Может, последняя будет моей, не знаю.
Я решила подняться на лифте, и на втором этаже ко мне присоединилась невозмутимая Сидди.
— Наверх? — спросила она.
— В номер.
— Ты разве не хочешь увидеть Эркхам?
Я не ответила, но на своем этаже не вышла — поехала выше. Пусть так. Чем бы ни закончилась эта ночь, хуже просто некуда.
В холле перед комнатой Эркхам я увидела Уильяма и Калеба. В противоположной стороне на диване сидел Демон, он даже не взглянул на меня. Сидди села рядом с ним, и они принялись мило болтать — хотя я не слышала ни слова, уверена, эта была очень милая светская беседа. Я выбрала место в уголке, подальше от них.
Уильям и Калеб не разговаривали, просто смотрели на дверь, и это оказалось заразительно. Я тоже уставилась на дверь. И она нас не разочаровала.
В проеме появилась Джорджия, в красивом открытом белом платье с высоким, почти королевским воротником. А то, что она держала на руках, по-видимому, было Эркхам.
Не могу в полноте передать это странное чувство. Но скажу одно — оно не было ни светлым, ни позитивным — ни капельки.
Она сидела на руках у Джиа, вцепившись в нее всеми конечностями. На вид Эркхам было года три-четыре, и она, может, и сошла бы за ребенка, если бы не ее руки,
слишком длинные и болезненно тонкие. Одной она крепко обхватывала Джиа за шею, а пальцы другой, больше похожие на белесые паучьи лапы, запустила ей в волосы, то ли играя, то ли держась. Ног не было видно под свободным балахоном, тоже белым,
они смыкались у Джиа на талии где-то сзади; но это были сущие пустяки в сравнении с ее головой. Эту шейку я могла бы обхватить двумя пальцами, и еще осталось бы место. Волосы Эркхам были неприятного венозно-красного цвета,
половина заплетена в косу, остальное висело вокруг лица длинными шевелящимися прядями — да, шевелящимися безо всякого сквозняка, а густая челка закрывала глаза, оставляя на обозрение очень острый подбородок и губы, две кривые бледные полоски синюшного оттенка на такого же оттенка коже.
Меня передернуло, хоть я и старалась держать себя в руках.

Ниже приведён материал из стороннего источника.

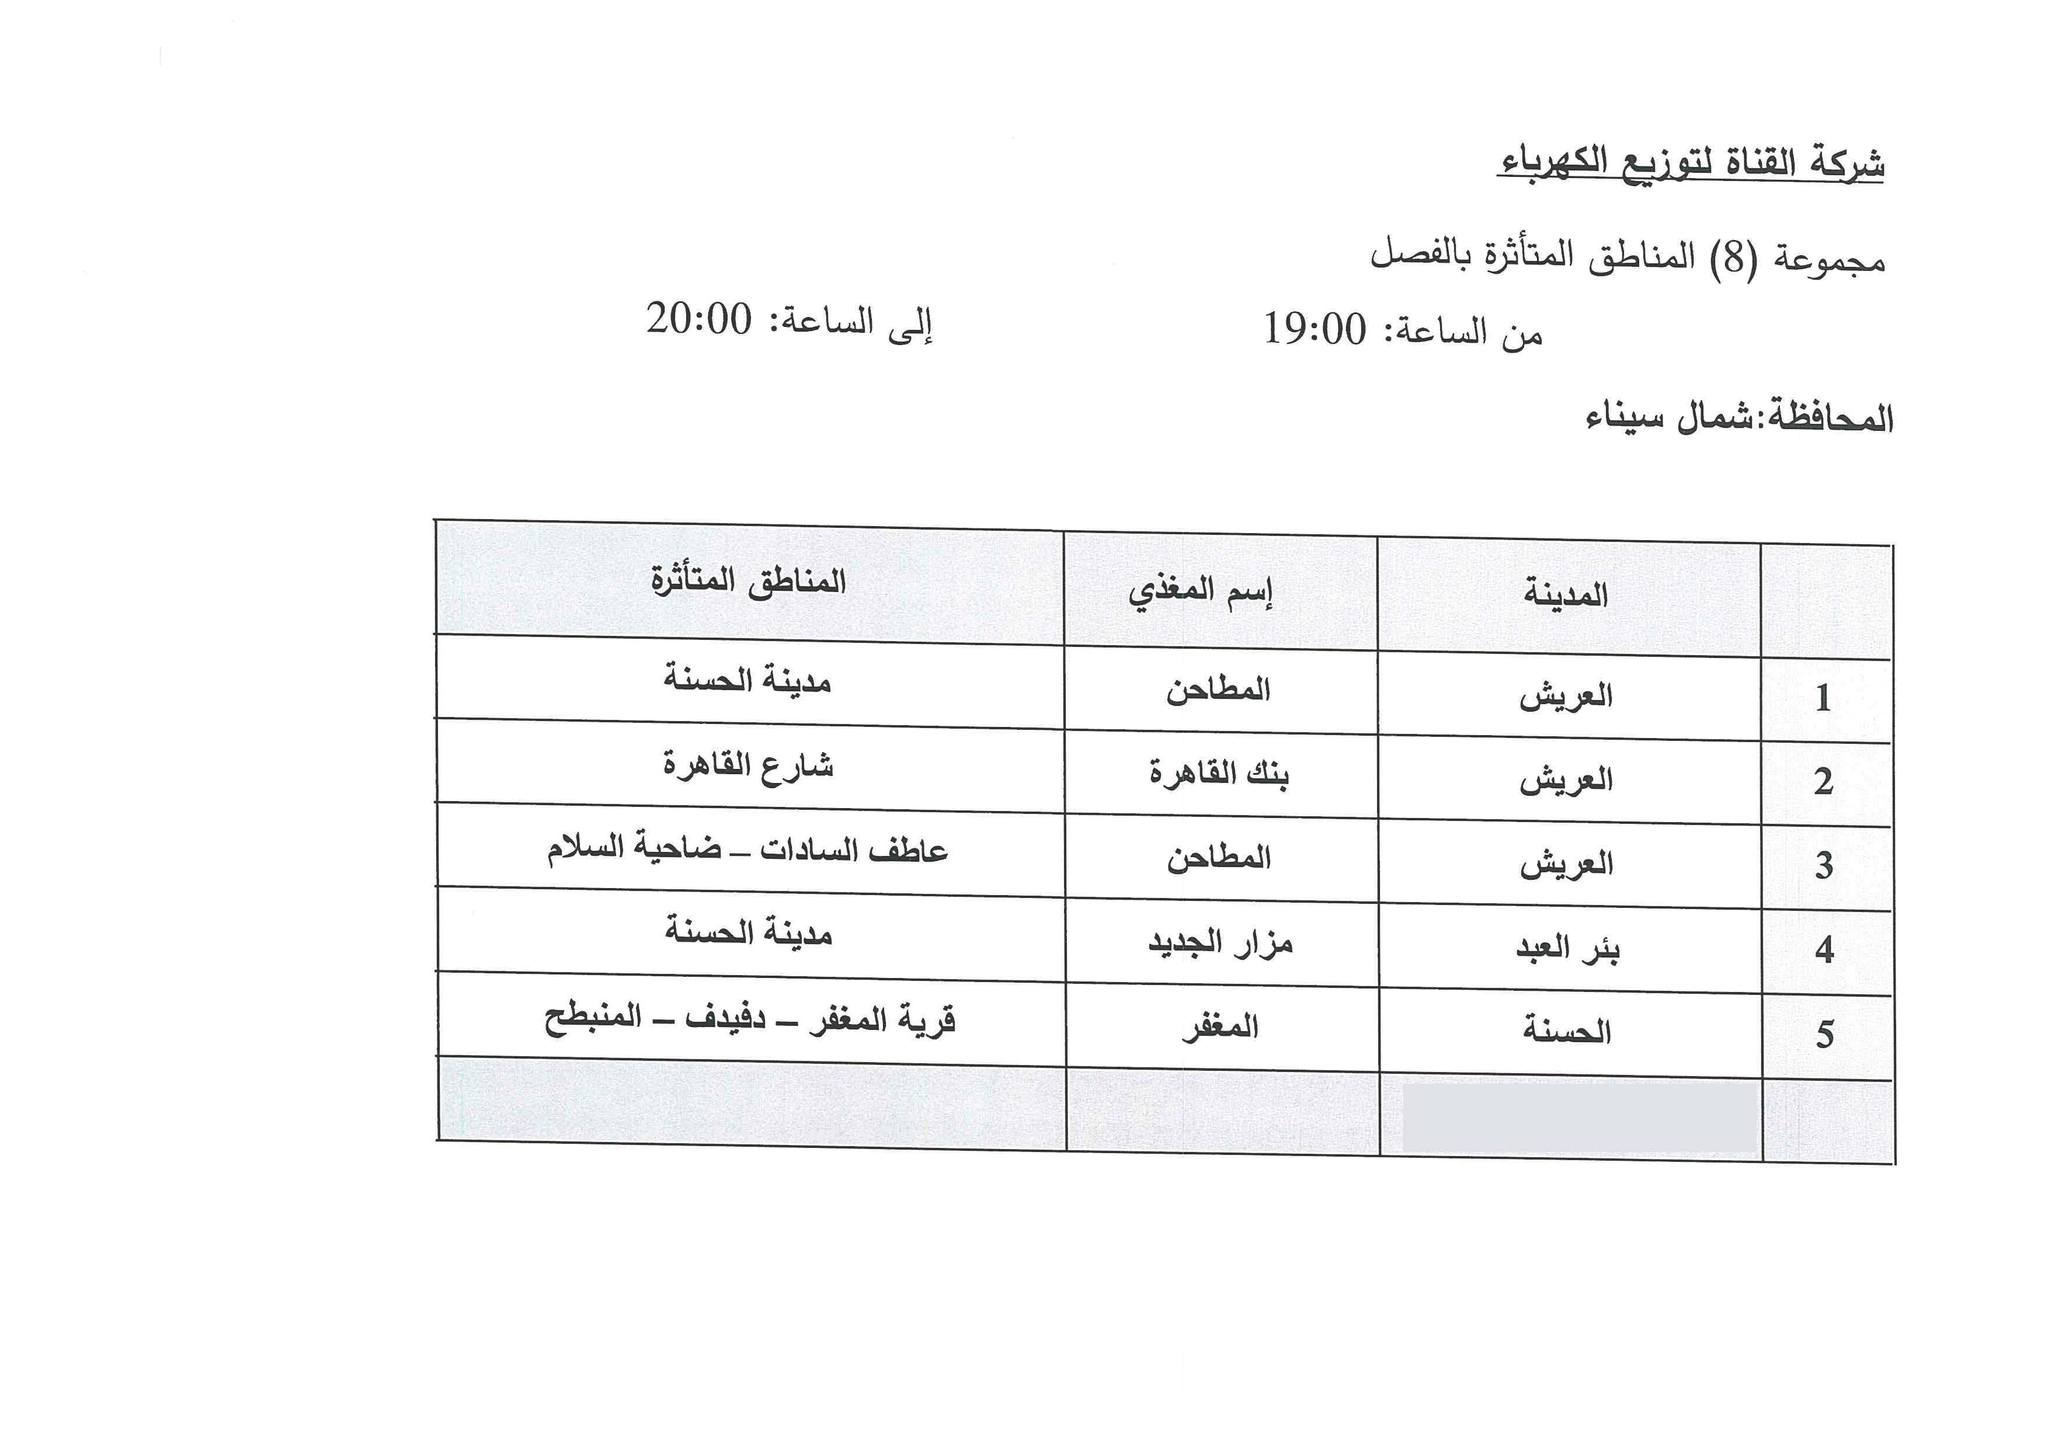 جدول مواعيد تخفيف الأحمال الكهربائية فى محافظة شمال سيناء (11)

Сидди почувствовала это и бросила на меня напряженный взгляд, сама я очень хотела понаблюдать за чужой реакцией, но не могла отвести глаз. Господи, Дагни Бенедикт, дыши глубже -
не знаю, я это себе сказала, или кто другой. Хотя бы не упади в обморок.
С огромным усилием я перевела взгляд выше — на Джорджию. Зрелище было приятнее,
но ненамного. На ее лице блуждала слепая улыбка, улыбка фарфоровой святой,
которые продают по религиозным праздникам на каждом углу, и трудно было понять,
видит она нас или нет. У Калеба, когда он днем раньше вышел из этой двери, был такой же взгляд. Только полярность другая. А Джиа — я сроду не видела ни на чьем лице такой одухотворенности и света, и уж подумать не могла, на чьем увижу. Хоть и тьма стояла за этим светом, а младенец был древнее мадонны на целую вечность.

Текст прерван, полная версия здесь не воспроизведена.